Принцесса даже вздрогнула, услышав этот ужасающе противный голос. На миг у нее возникло странное подозрение...
Но, если это все ж был замаскированный Гастон, то для чего бы ему говорить таким отвратительным голосом? И почему он сразу же не кинулся к ней, дабы сказать о своих пылких чувствах?!
Нет, это не он, что за нелепость пришла ей в голову?
К сильным сторонам ее высочества, должны мы с прискорбием отметить, не относилась хорошая память на лица. Особенно это касалось ее случайных знакомых, но к любви всей ее жизни подобное определение, конечно, никак не относилось.
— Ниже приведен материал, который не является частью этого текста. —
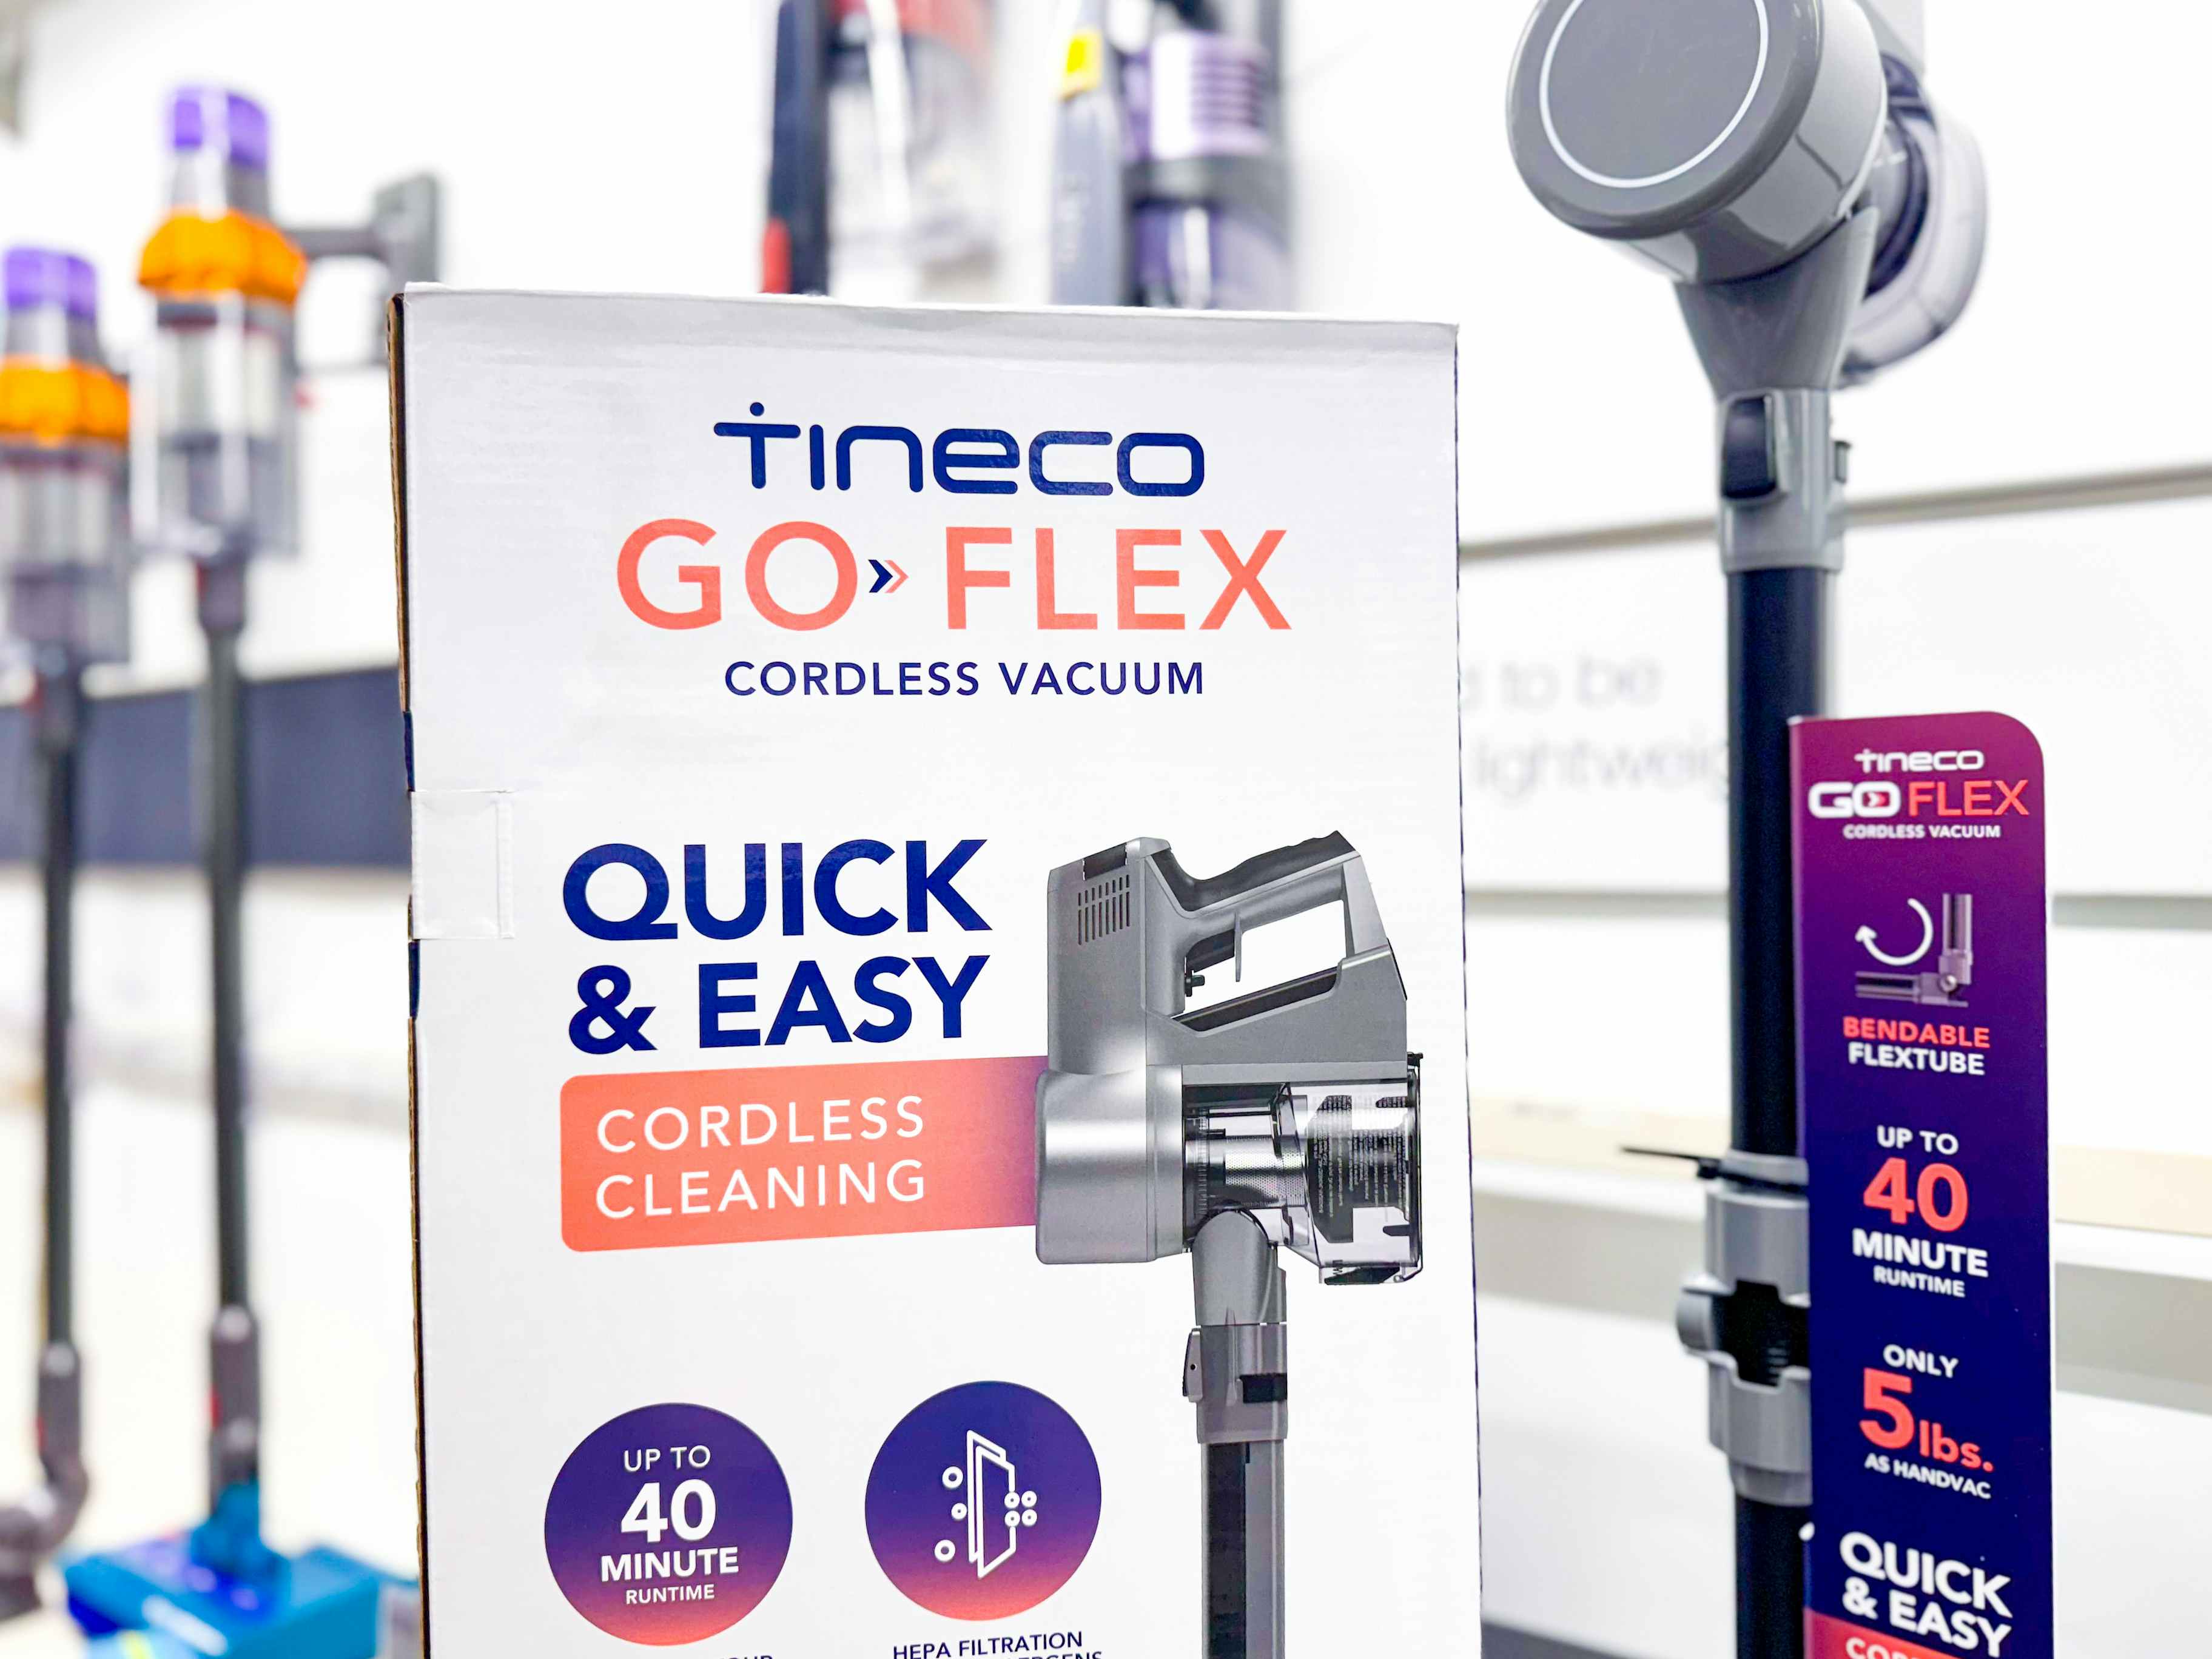 tineco-go-flex-cordless-vacuum-target2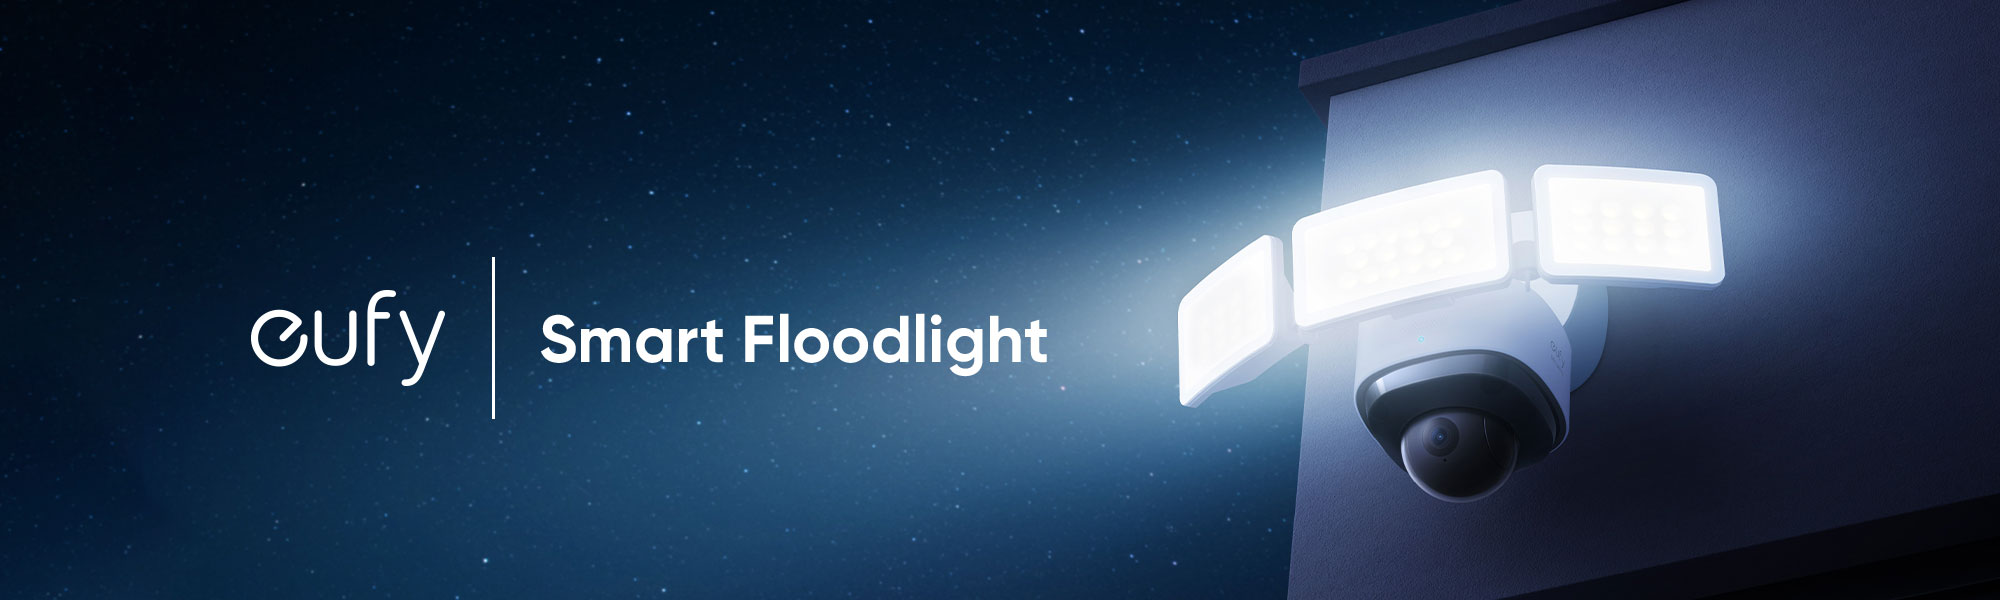 Smart Floodlight

Зато голос странного подмастерья показался ей знакомым сразу же.
Мария заколебалась. Подозрения терзали ее душу. Если это - возлюбленный принц, почему он молчит и не подаст ей даже знака? Даже если мэтр Жербье не посвящен в тайну, - достаточно было подмигнуть ей или сделать нечто подобное.
Если же это какой-то простолюдин, то хороша же она будет, если кинется к нему с нежностями!
Словом, принцесса решила держаться осторожно и никоим образом не обнаруживать своих сомнений.
Поэтому она только довольно небрежно кивнула, как сделала бы, окажи ей услугу какой-нибудь лакей.
Но краем глаза продолжала наблюдать за таинственным гостем.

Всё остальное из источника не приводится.